Dabei haben die Konservativen den Kulturkampf um die Hauptstadt längst verloren. Wenn man sich die Berliner CDU genauer ansieht, weiß man, wo sich die wahren Gentrifizierungsgegner organisieren. Die alten Westberliner, die über ihre Verdrängung durch die roten Ostberliner klagen. Und über die Verdrängung durch die Zugezogenen, die Homosexuellen, die Türken, die Hausbesetzer, die Hipster aus aller Welt. Die Verdrängung durch all jene, die Wowereits »Be Berlin«-Kampagne zu Berlinern adelt, obwohl ihnen das Café Kranzler nicht zusagt, die kein Schultheiss mögen und denen Harald Juhnke schnuppe ist.
Und weil es in der aktuellen Stunde implizit auch um jene polit-kulturelle Gentrifizierung Westberlins geht, ist obsessiv von Tempelhof die Rede – dem Flughafen der Luftbrücke, der für die Westberliner die Bastion gegen den roten Terror der Sowjets war und dann Bastion gegen den »roten Terror« des Senats sein sollte.
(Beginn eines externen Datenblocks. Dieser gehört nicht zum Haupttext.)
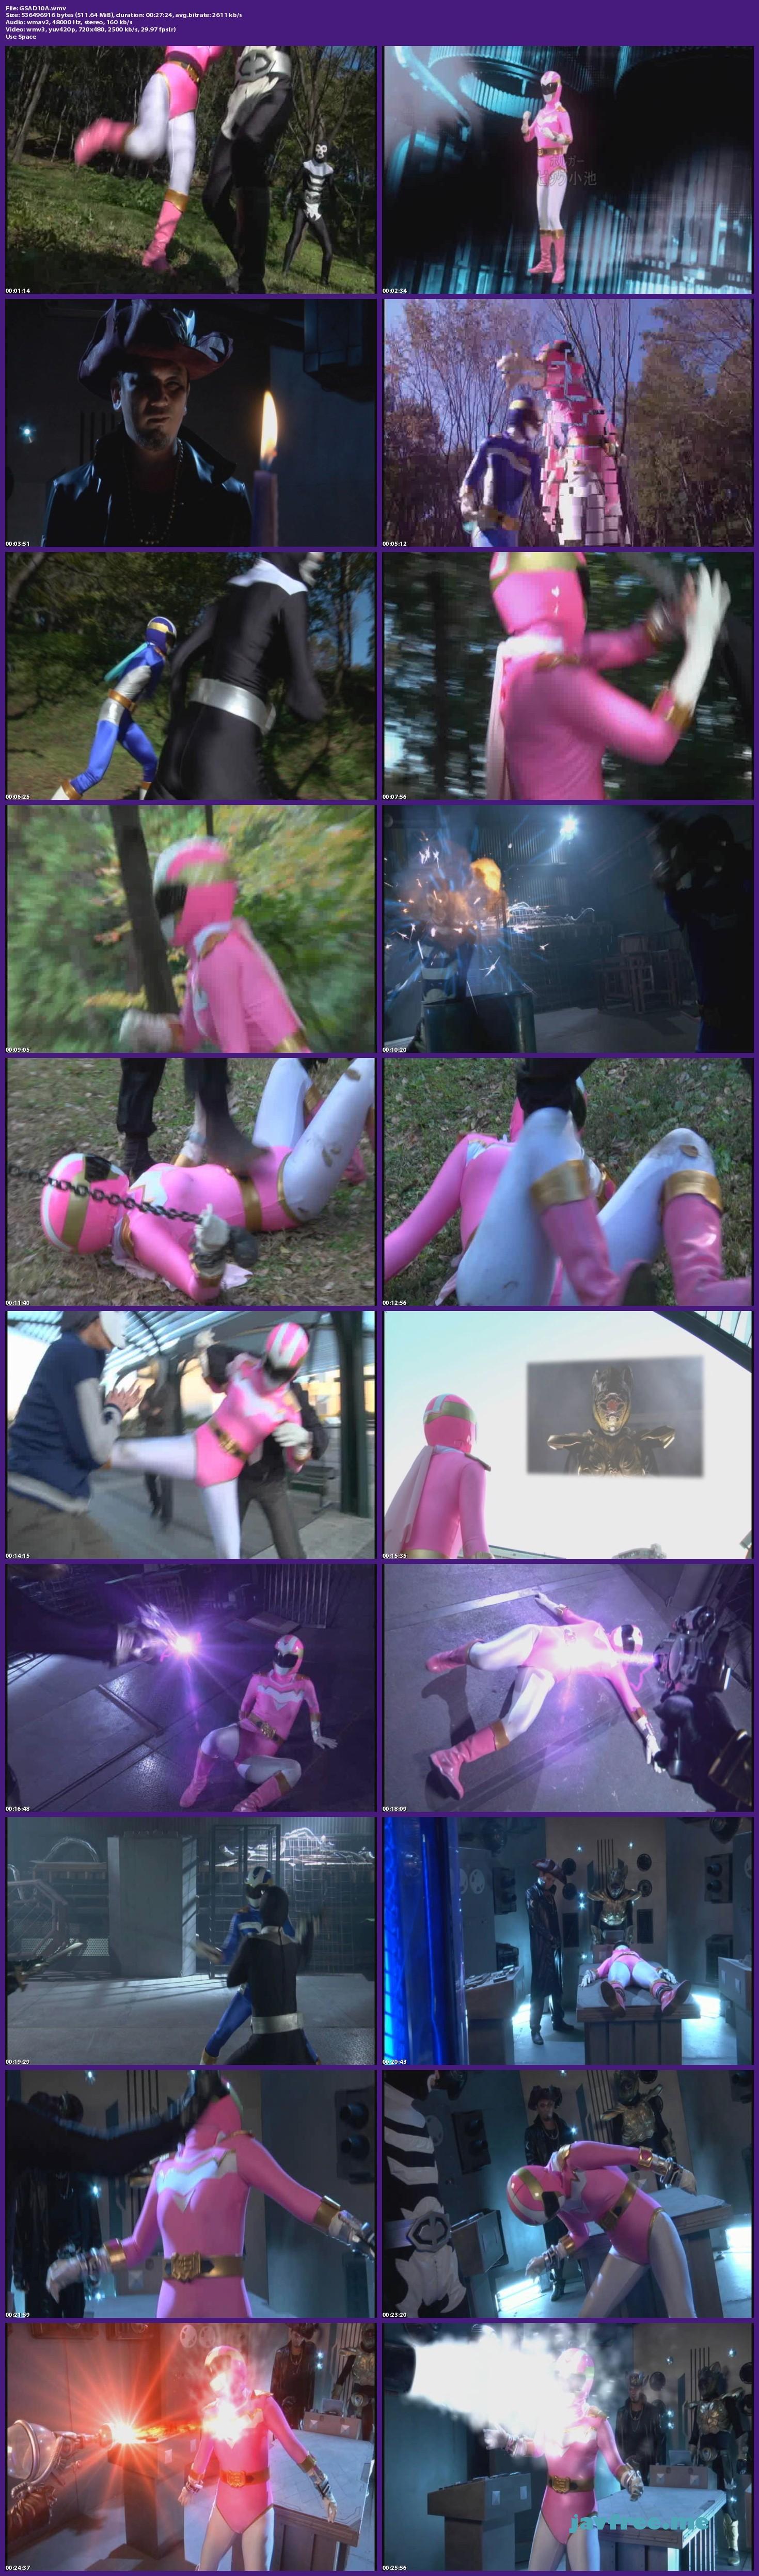 [GSAD 10] SUPER HEROINE アクションウォーズ 宇宙戦隊ギャラクシーファイブ ピンクフェニックス 美咲あすみ 美咲あすみ GIGA

Der Plan der CDU, diesen Flughafen gegen den Willen des Senats durch einen Volksentscheid zu retten, stieß bei den Berlinern jedoch auf wenig Interesse. Um so größer ist jetzt die Freude der CDU, dass die Aktion »Squat Tempelhof« im Rahmen der linksradikalen »Action Days« den Innensenator nötigte, die leere Wiese Tempelhof von Tausenden Polizisten absperren zu lassen. Hätte Körting eine illegale Besetzung des von ihm stillgelegten Flughafens zugelassen, wäre der Protest der CDU größer gewesen als ihr höhnisches Gelächter über den absurden Polizeieinsatz.
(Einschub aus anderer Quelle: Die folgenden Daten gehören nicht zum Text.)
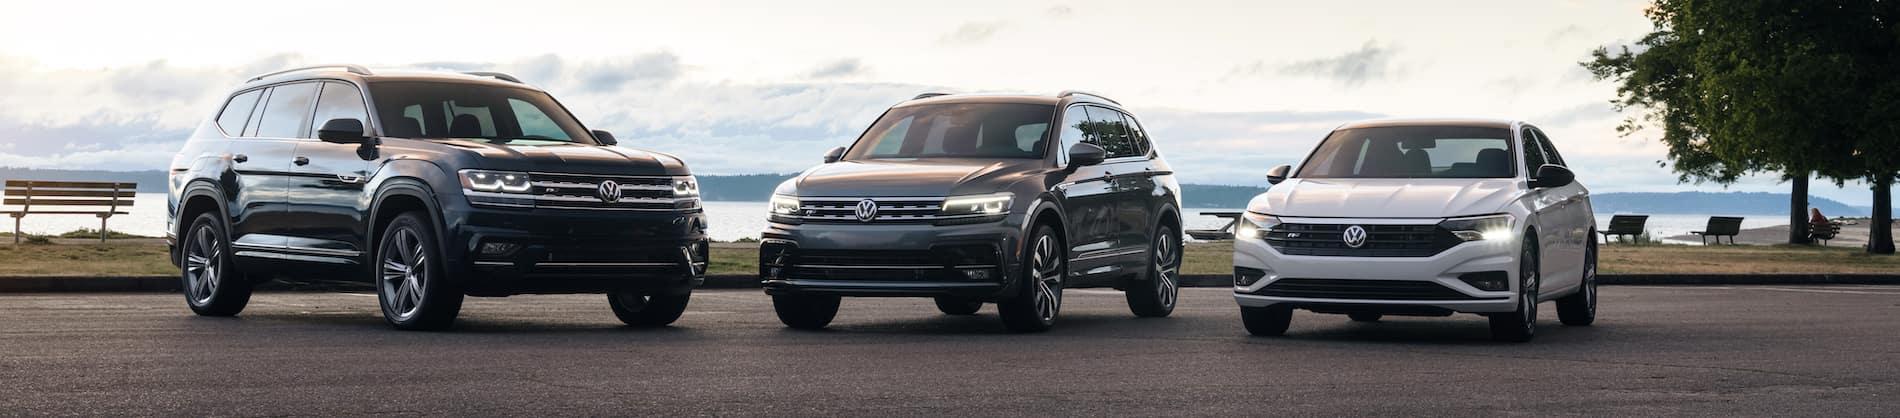 Certified Pre-Owned Volkswagen Vehicle Line Up

»Normalerweise wird immer uns vorgeworfen, wir würden mit dem Thema Tempelhof Zeit vergeuden«, freut sich Juhnke. Und weil man schon beim Thema sei, will Juhnke den Fauxpas eines Herren der SPD korrigieren: Der habe gesagt, die Mehrheit der Berliner sei für die Schließung des Flughafens. Nein, nur »das Quorum des Volksbegehrens für den Erhalt des Flughafens wurde nicht erfüllt«, berichtigt Juhnke, als mache das einen Unterschied.
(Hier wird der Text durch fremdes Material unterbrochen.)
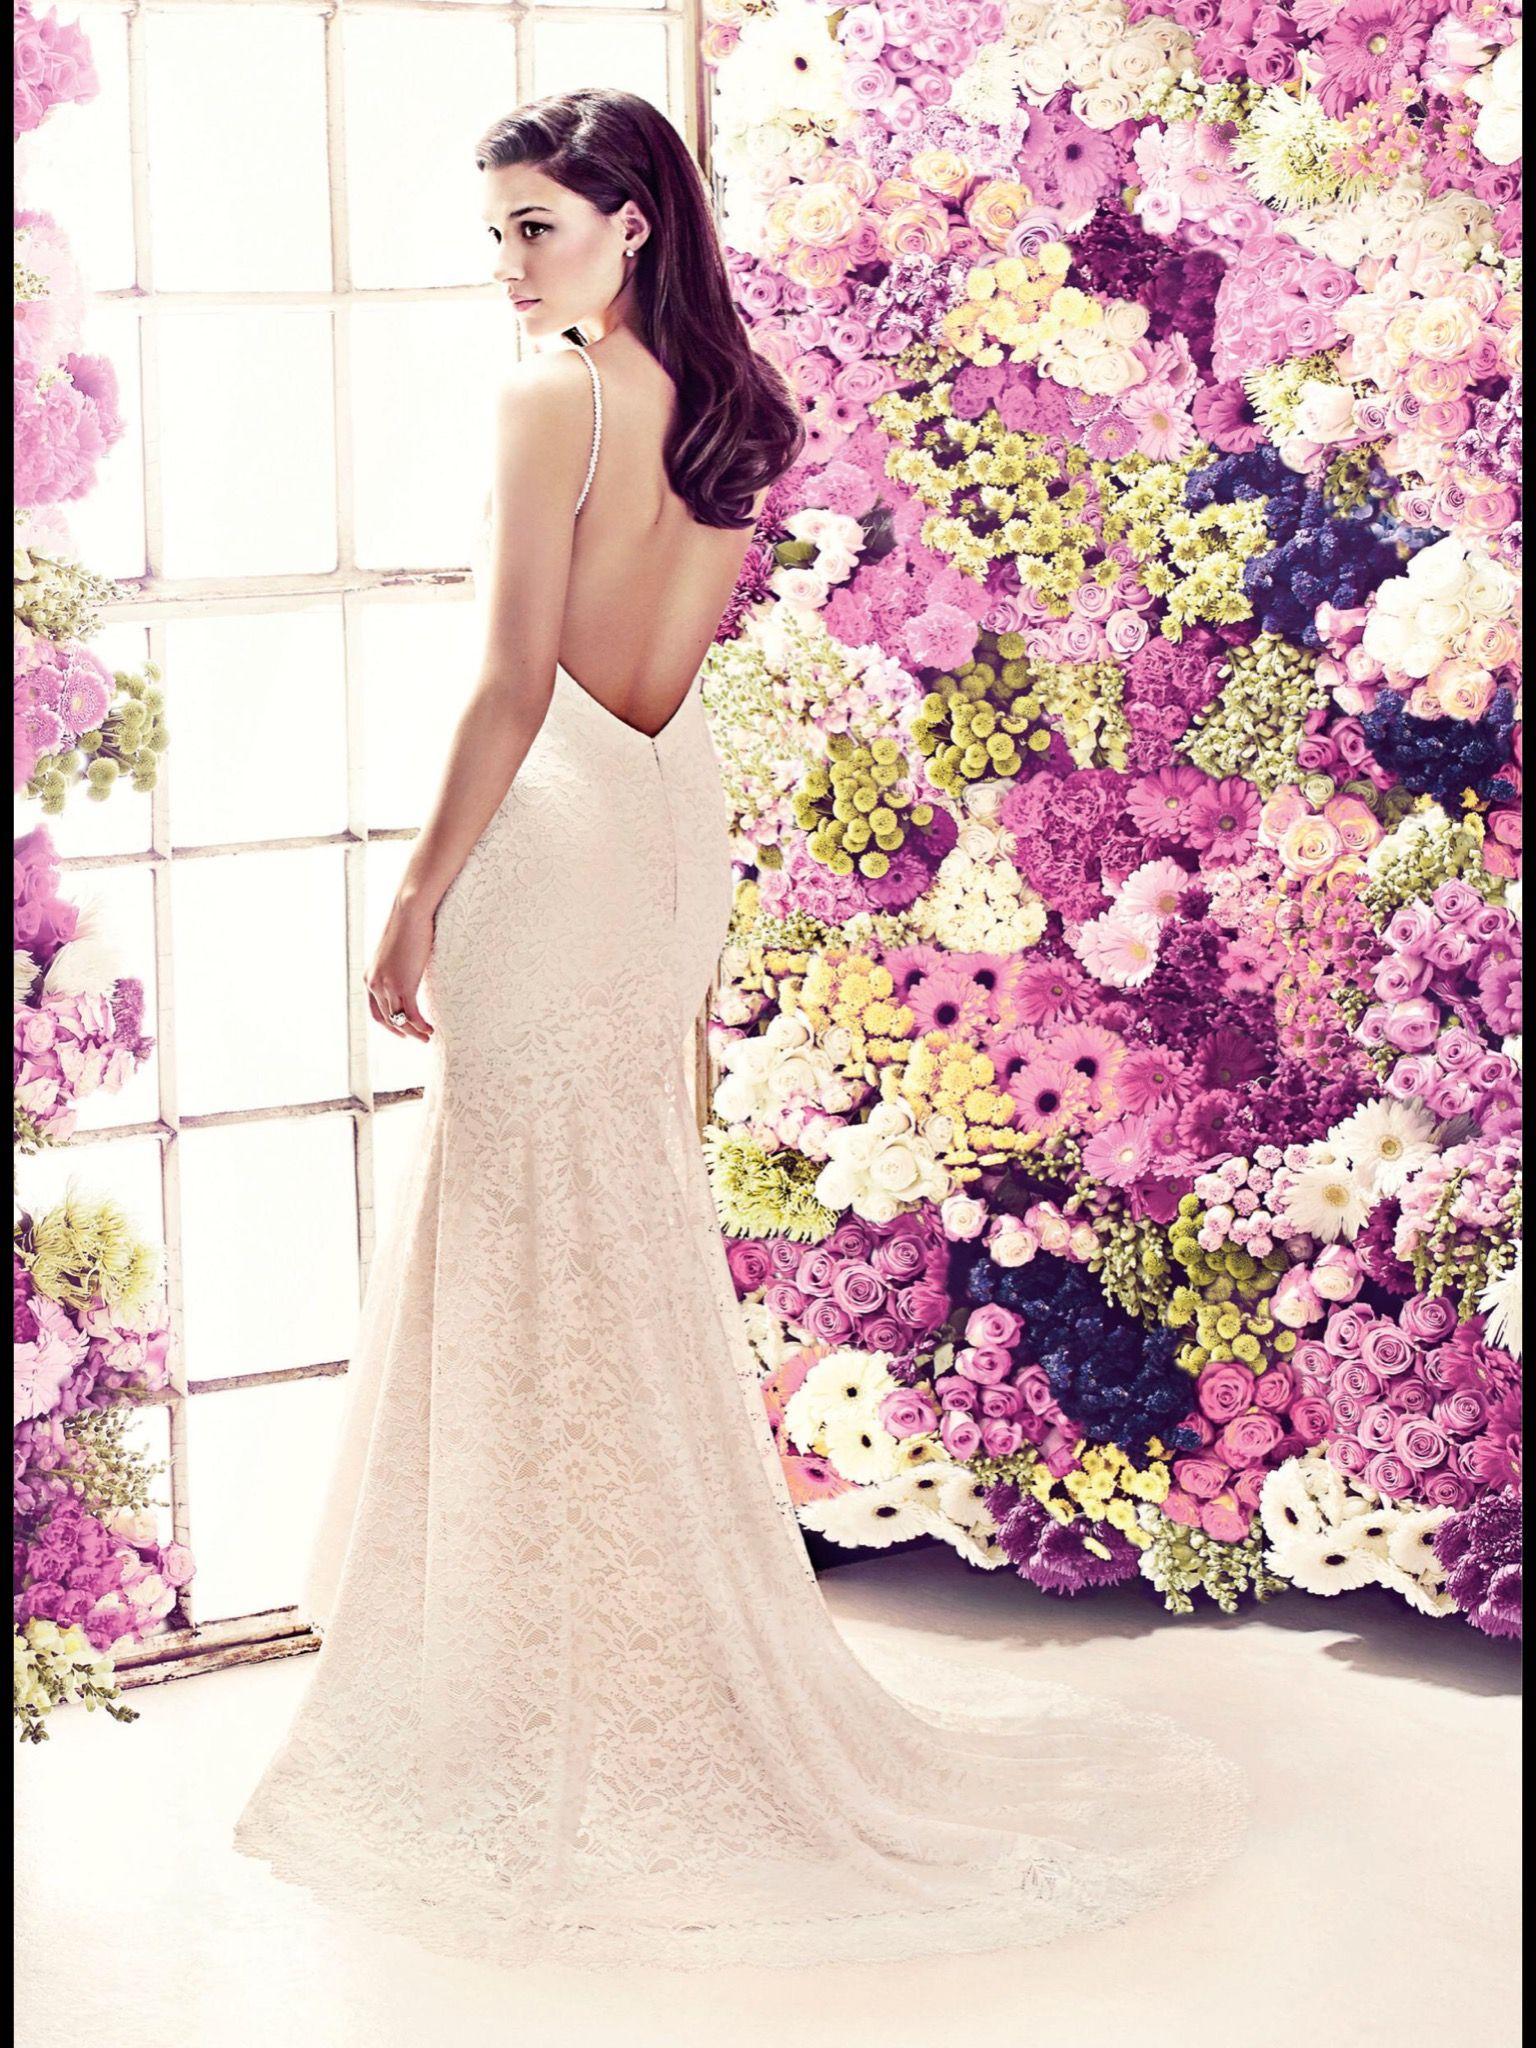 Mikaella | Weddings a Signature of Love | Pinterest | Wedding dress ...

Dass die Generation jener Tempelhof-Fans, jene Generation Wilmersdorfer und Steglitzer Herren, die morgens, sich den preußischen Schnurrbart zwirbelnd, mit dem Hund zum Zeitungskiosk gehen, dort die BZ kaufen, um sich darin später, während ihnen der Alte Fritz vom Gemälde über dem Sofa über die Schulter sieht, über den »roten Terror« zu informieren, dass diese Klientel längst marginal ist, hat die Berliner CDU verpasst. Bis sie mit dem Schlagwort vom »roten Terror« wieder wirklich bei Wahlen punkten kann, müssen noch viele Autos brennen.